St Augustine, imagining that he was addressing the Apostle, commented: the Lord “leaned down and took you by the hand. With your strength alone you cannot rise. Hold tight to the hand of the One who reaches down to you” (En. in Ps. 95, 7: PL 36, 1233), and he did not say this to Peter alone but also to us.

Peter walks on the water, not by his own effort but rather through divine grace in which he believes. And when he was smitten by doubt, when he no longer fixed his gaze on Jesus but was frightened by the gale, when he failed to put full trust in the Teacher’s words, it means that he was interiorly distancing himself from the Teacher and so risked sinking in the sea of life.

So it is also for us: if we look only at ourselves we become dependent on the winds and can no longer pass through storms on the waters of life. The great thinker Romano Guardini wrote that the Lord “is always close, being at the root of our being. Yet we must experience our relationship with God between the poles of distance and closeness. By closeness we are strengthened, by distance we are put to the test” (Accettare se stessi, Brescia 1992, 71).

Dear friends, the experience of the Prophet Elijah who heard God passing and the troubled faith of the Apostle Peter enable us to understand that even before we seek the Lord or invoke him, it is he himself who comes to meet us, who lowers Heaven to stretch out his hand to us and raise us to his heights; all he expects of us is that we trust totally in him, that we really take hold of his hand.

Let us call on the Virgin Mary, model of total entrustment to God, so that amidst the plethora of anxieties, problems and difficulties which churn up the sea of our life, may our hearts resonate with the reassuring words of Jesus who also says to us “Take heart, it is I; have no fear!”; and may our faith in him grow.


Pope Benedict XVI
Angelus Address, August 10, 2008

This Sunday’s Gospel brings us back from this place of rest to daily life. It tells how, after the multiplication of the loaves, the Lord withdraws to the mountain to be alone with the Father. In the meantime, the disciples are on the lake and with their poor little boat are endeavouring in vain to stand up to a contrary wind.

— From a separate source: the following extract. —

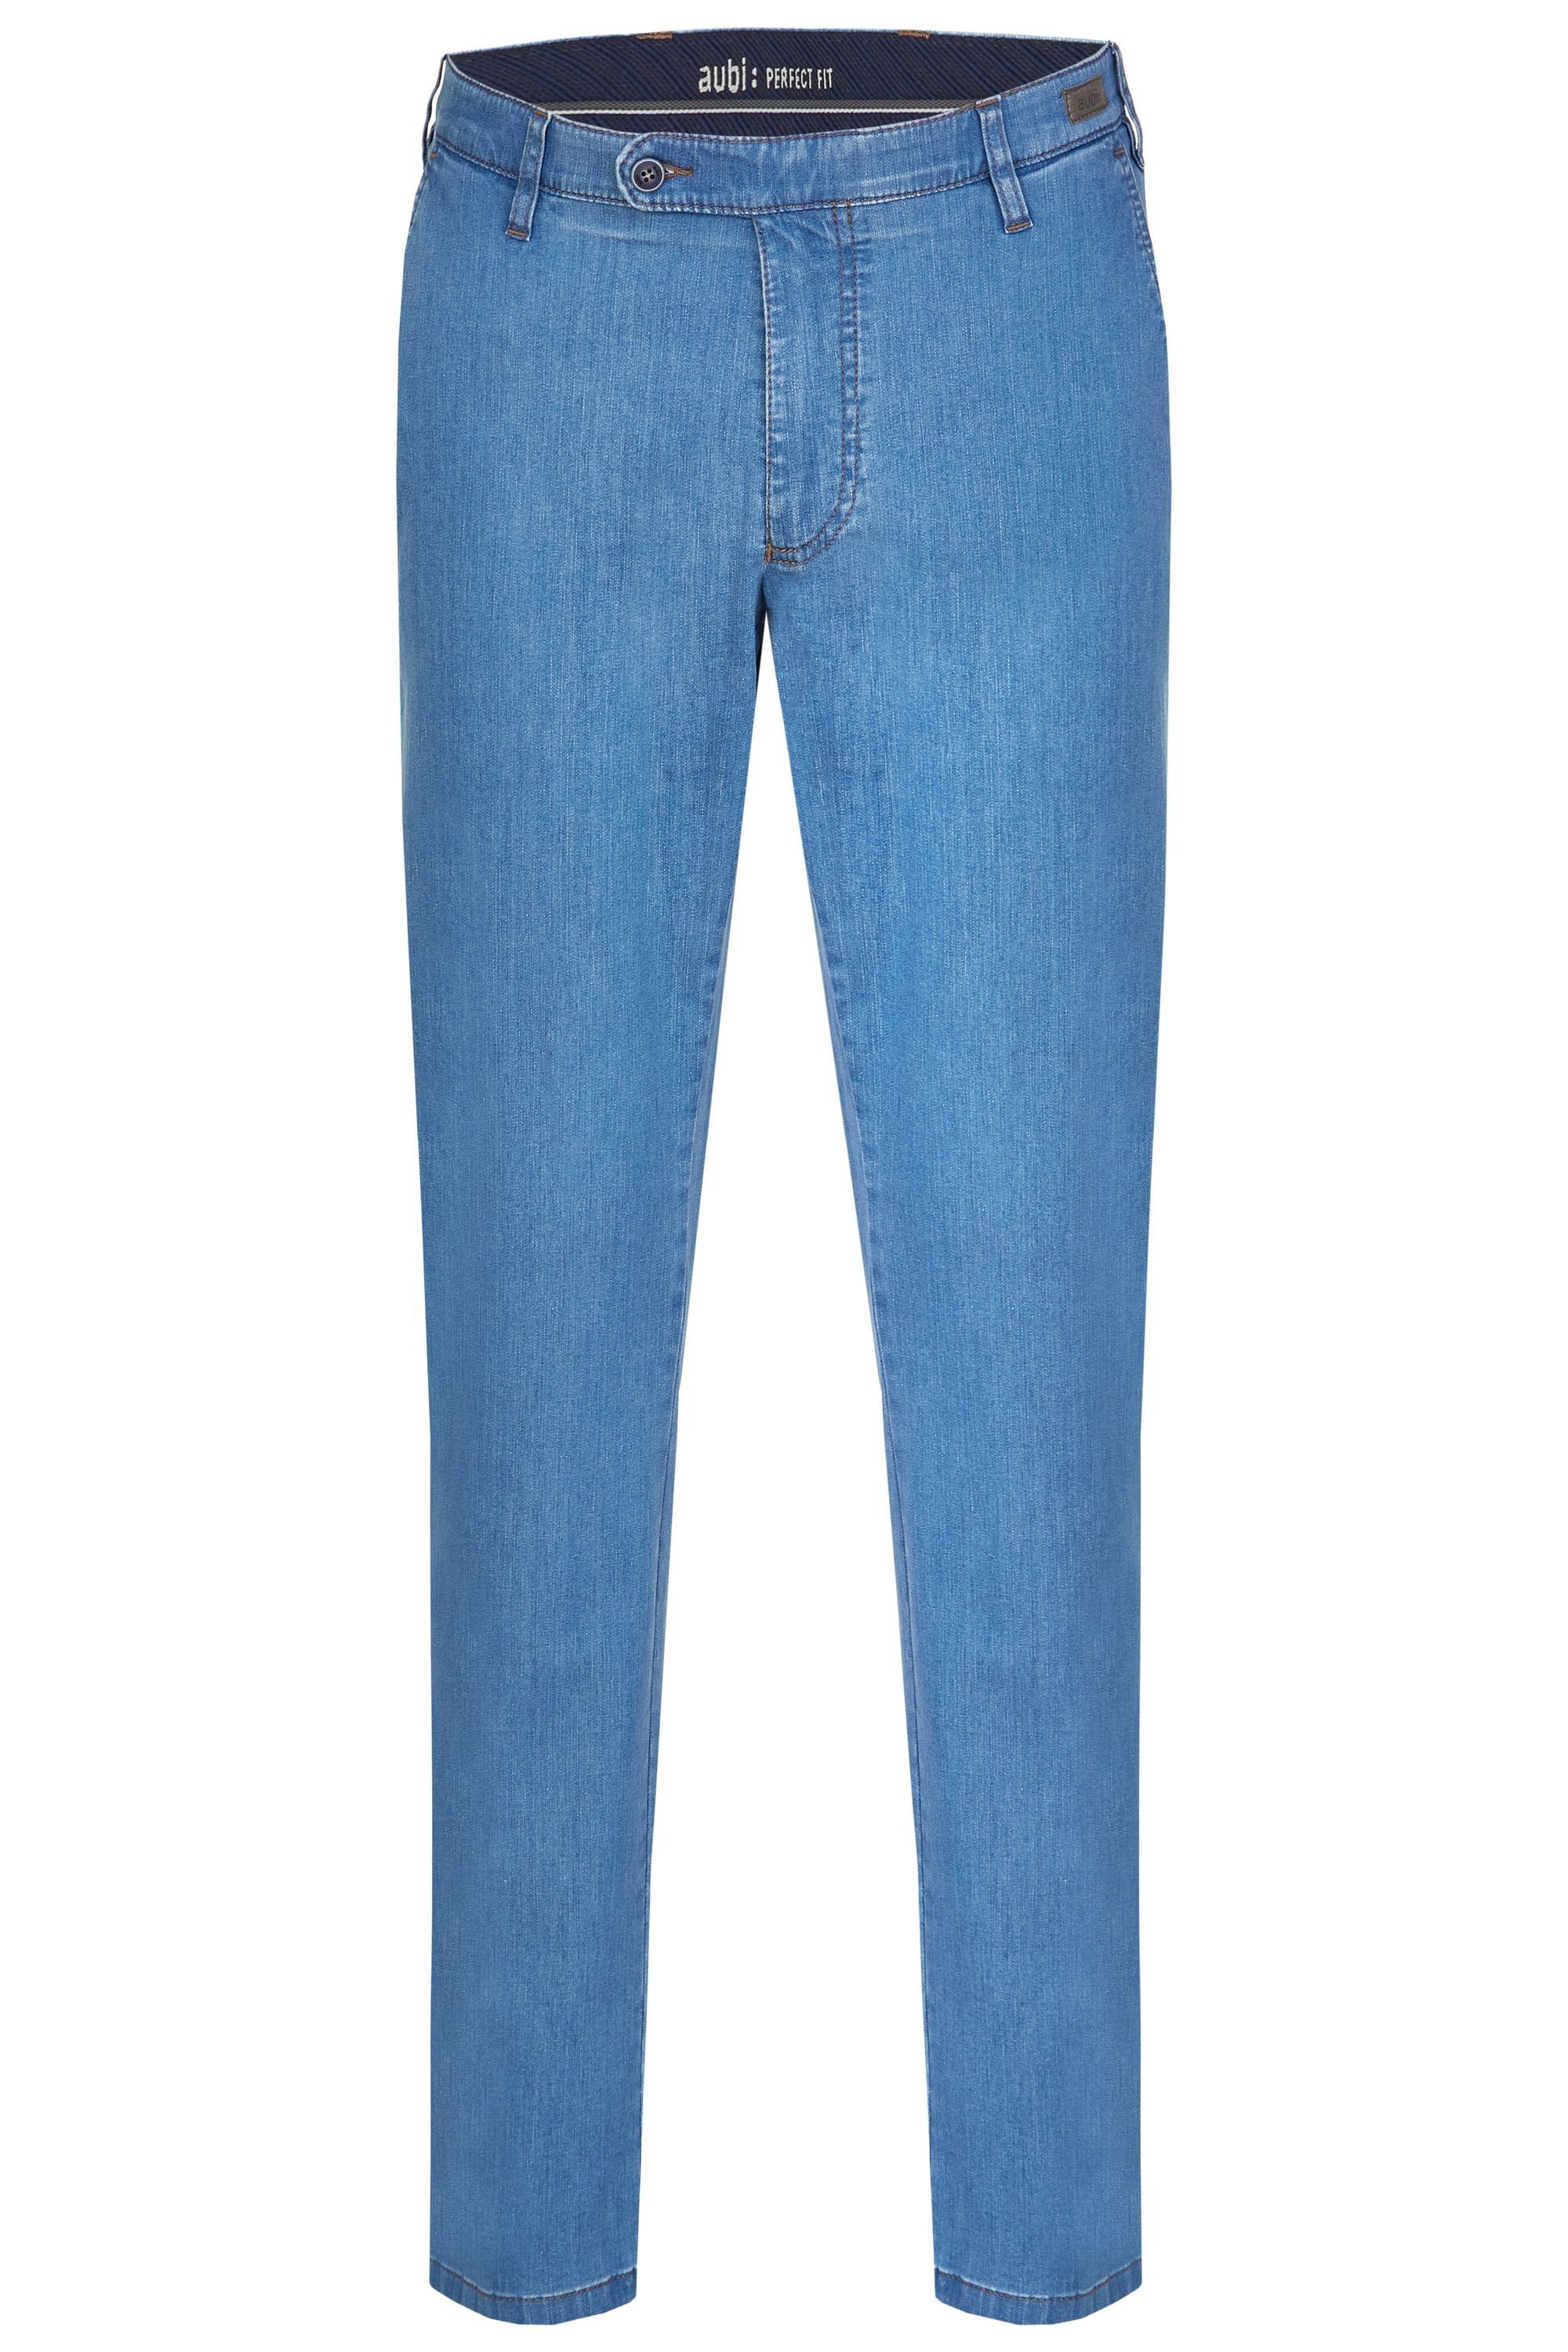 aubi: Bequeme Jeans aubi Perfect Fit Herren Sommer Jeans Hose Stretch aus Baumwolle High Flex Modell 526 bleached (43)

To the Evangelist this episode may have seemed an image of the Church of his time: like the small barque which was the Church of that period, he found himself buffeted by the contrary wind of history and it may have seemed that the Lord had forgotten him. We too can see this as an image of the Church of our time which in many parts of the earth finds herself struggling to make headway in spite of the contrary wind, and it seems the Lord is very remote.

But the Gospel gives us an answer, consolation and encouragement and at the same time points out a path to us. It tells us, in fact: yes, it is true, the Lord is with the Father but for this very reason he is not distant but sees everyone, for whoever is with God does not go away but is close to his neighbour. And, in fact, the Lord sees them and at the proper time comes towards them.

And when Peter, who was going to meet him, risks drowning, the Lord takes him by the hand and brings him to safety on the boat. The Lord is continuously holding out his hand to us too. He does so through the beauty of a Sunday; he does so through the solemn liturgy; he does so in the prayer with which we address him; he does so in the encounter with the Word of God; he does so in many situations of daily life – he holds his hand out to us. And only if we take the Lord’s hand, if we let ourselves be guided by him, will the path we take be right and good.

For this reason let us pray to him that we may succeed ever anew in finding his hand. And at the same time, this implies an exhortation: that, in his Name we hold our own hand out to others, to those in need of it, to lead them through the waters of our history.